I will need some help building the latest conpty.dll, I read building.md and ran Invoke-OpenConsoleBuild

Despite the name, that command builds the entire solution including Windows Terminal and so it takes a long time to complete. It'll also build in Debug mode by default. Here's a command to compile it in Release mode and to only compile the two projects that are needed:

Invoke-OpenConsoleBuild '-p:Configuration=Release' '-t:Conhost\Host_EXE,Conhost\winconpty_DLL'

You can also compile it from within Visual Studio if you open the solution: image

The output will be in bin\x64\Release.

Sadly I can't see it's version, I guess because I am building directly from master..

Yes, we add the version in our build pipelines as a separate step.

I will put that dll into wezterm and and modify wezterm to call ReadFile before closing, let's see how that one works out.

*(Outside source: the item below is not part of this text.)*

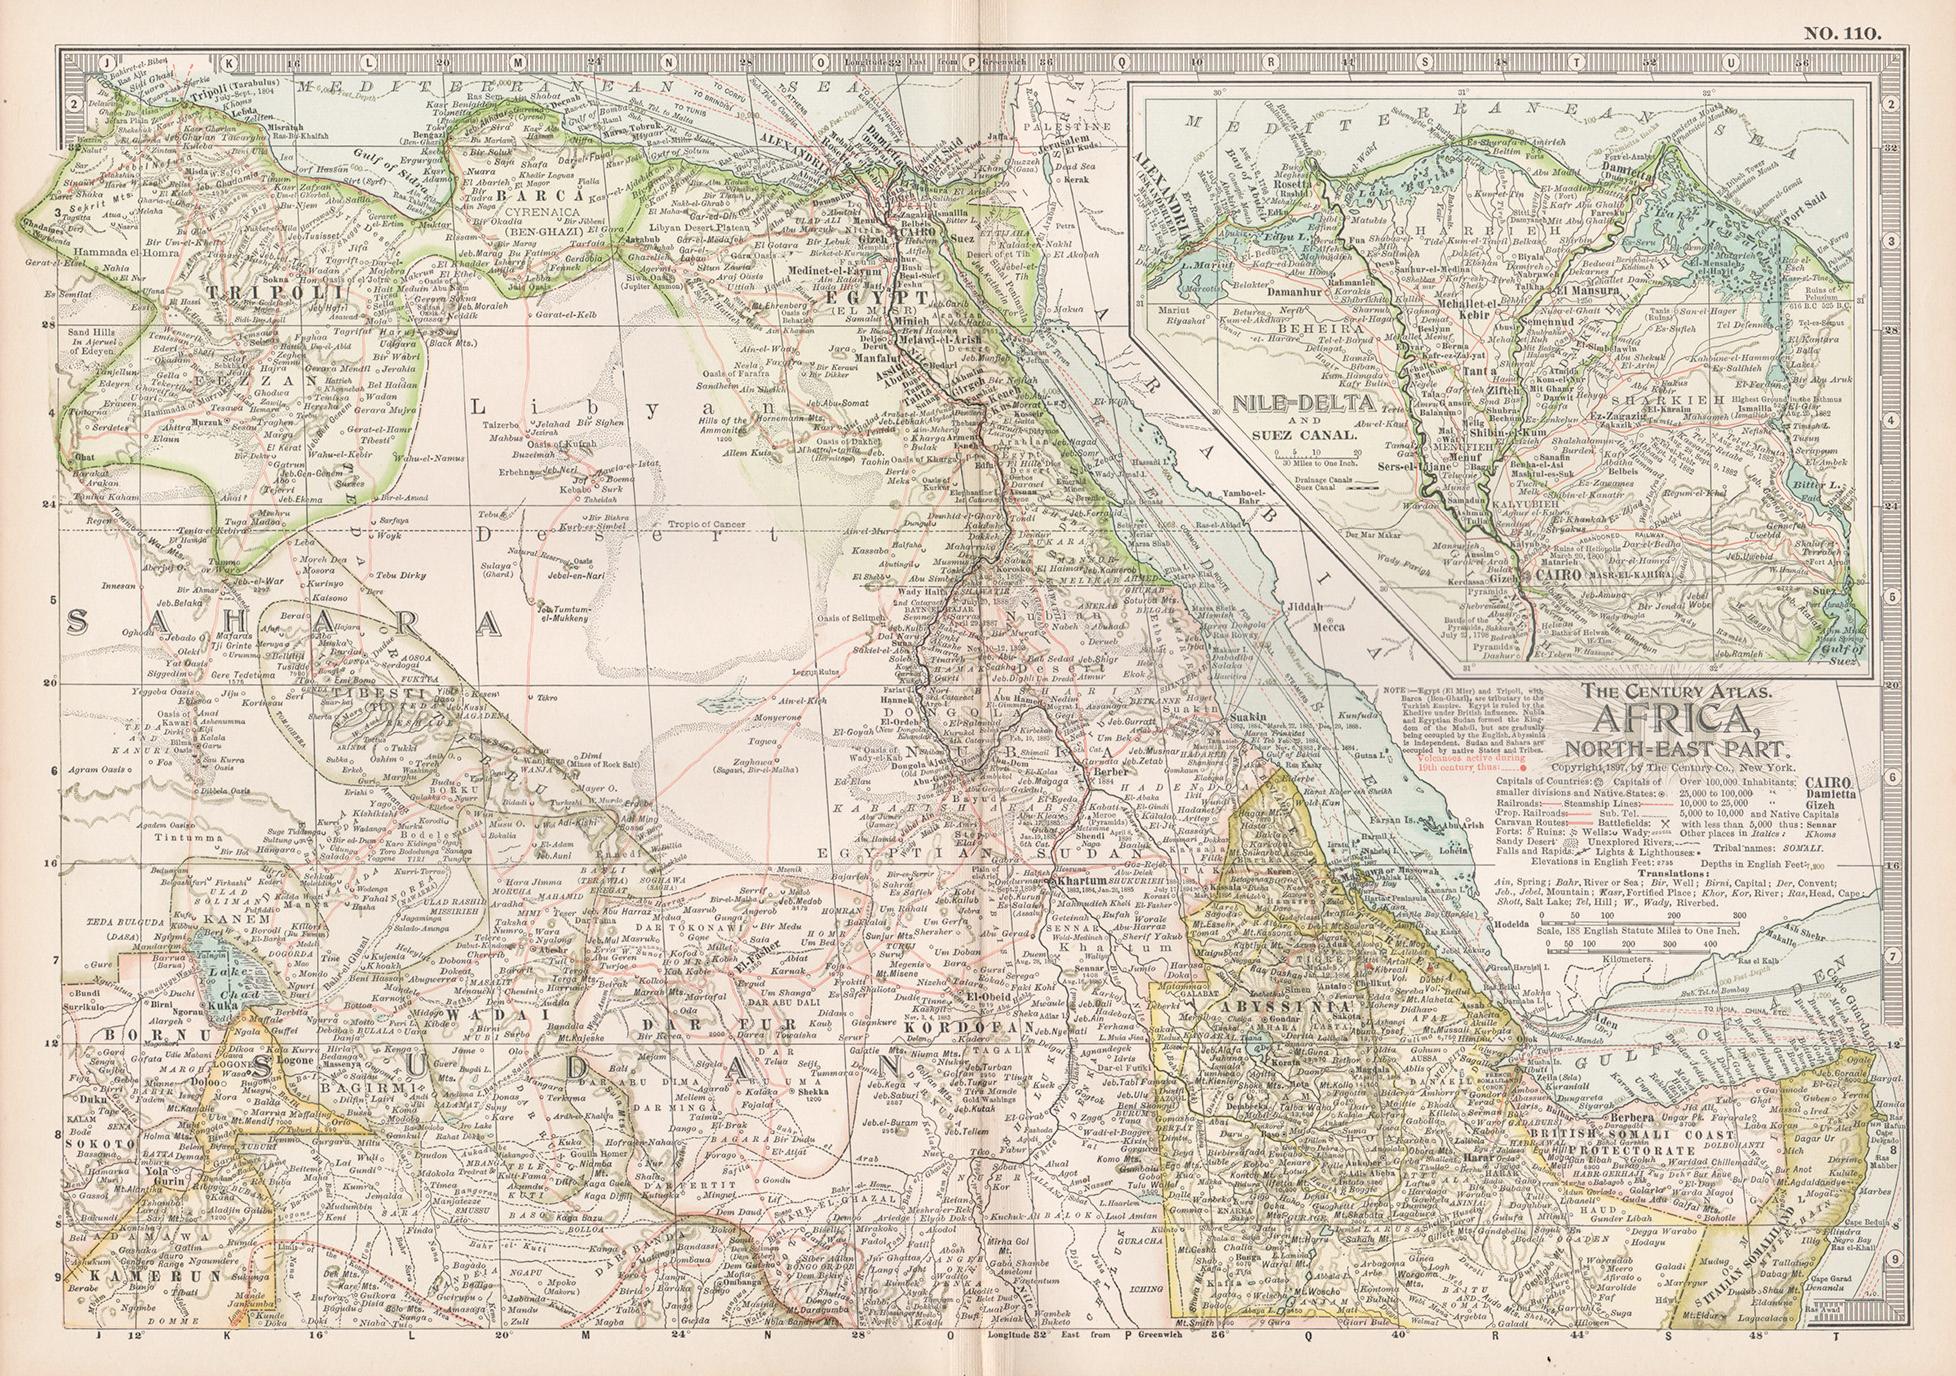 Unknown Print - Africa. North-East Part. Century Atlas antique vintage map
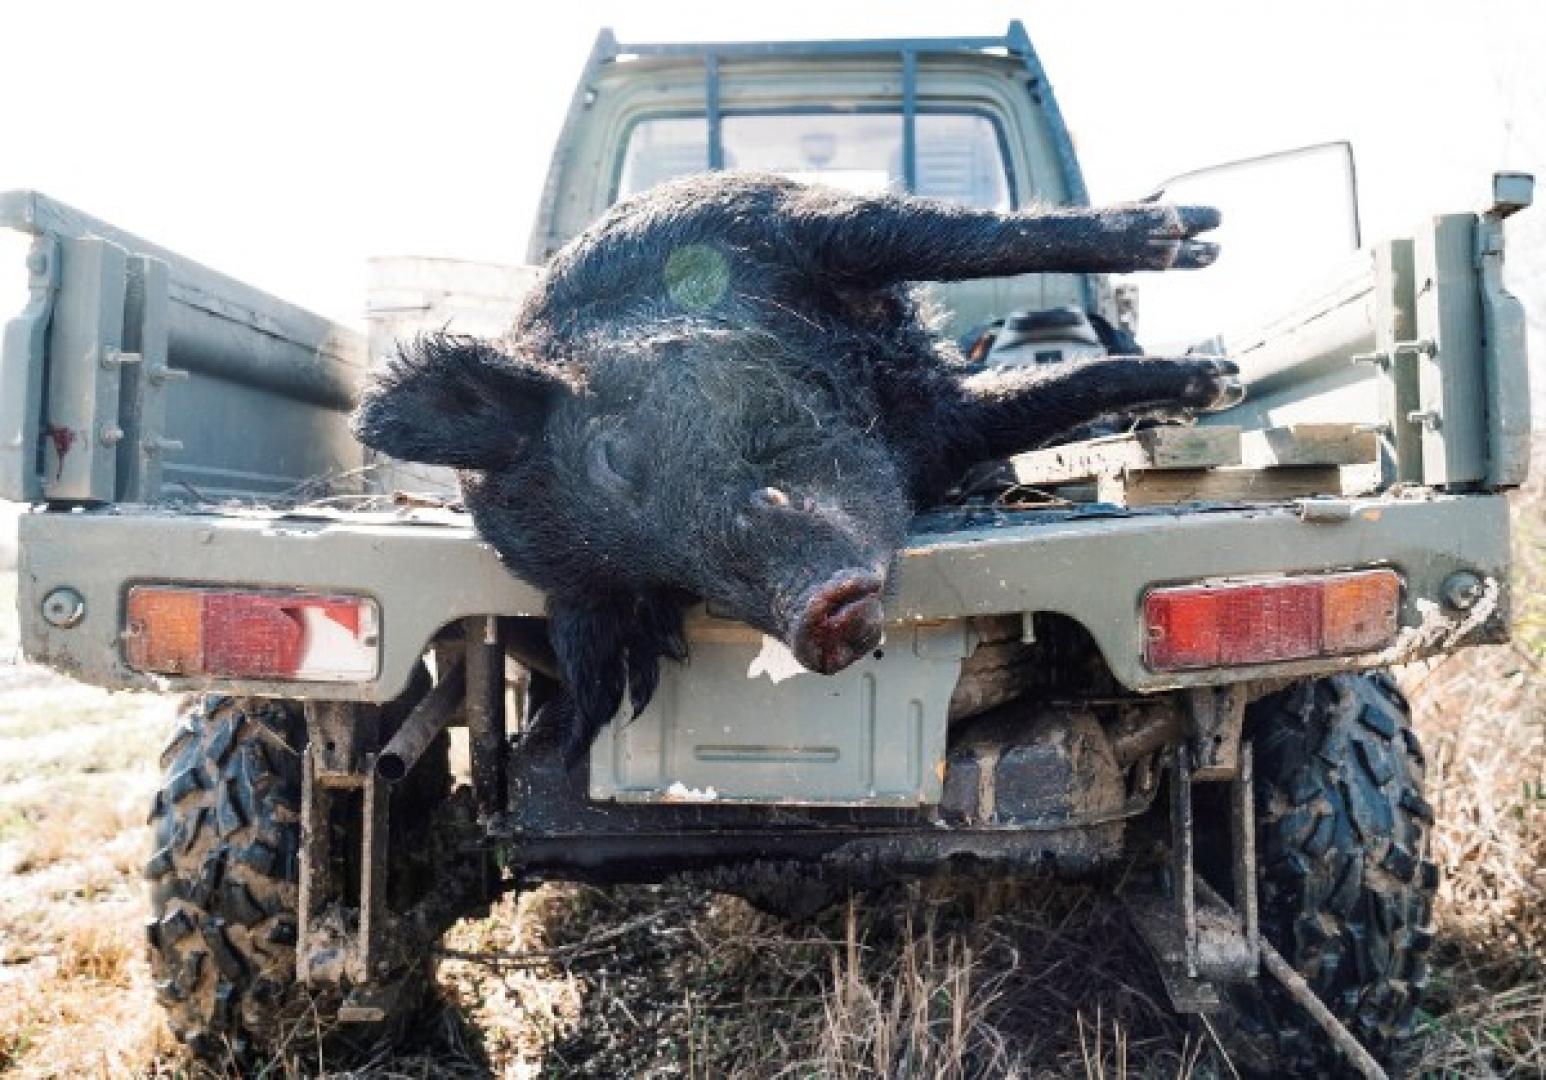 Hog in back of truck hog hunting

If I'm correct with my previous assumption, you don't need this new version to fix this issue in wezterm. The issue is merely that it needs to continue reading from the output pipe until after ClosePseudoConsole has returned. The new version is simply faster and more robust, but it's not required to fix this.

Also, yesterday I realized that wezterm can simply close/drop the output pipe handle before calling ClosePseudoConsole. That would also fix the issue.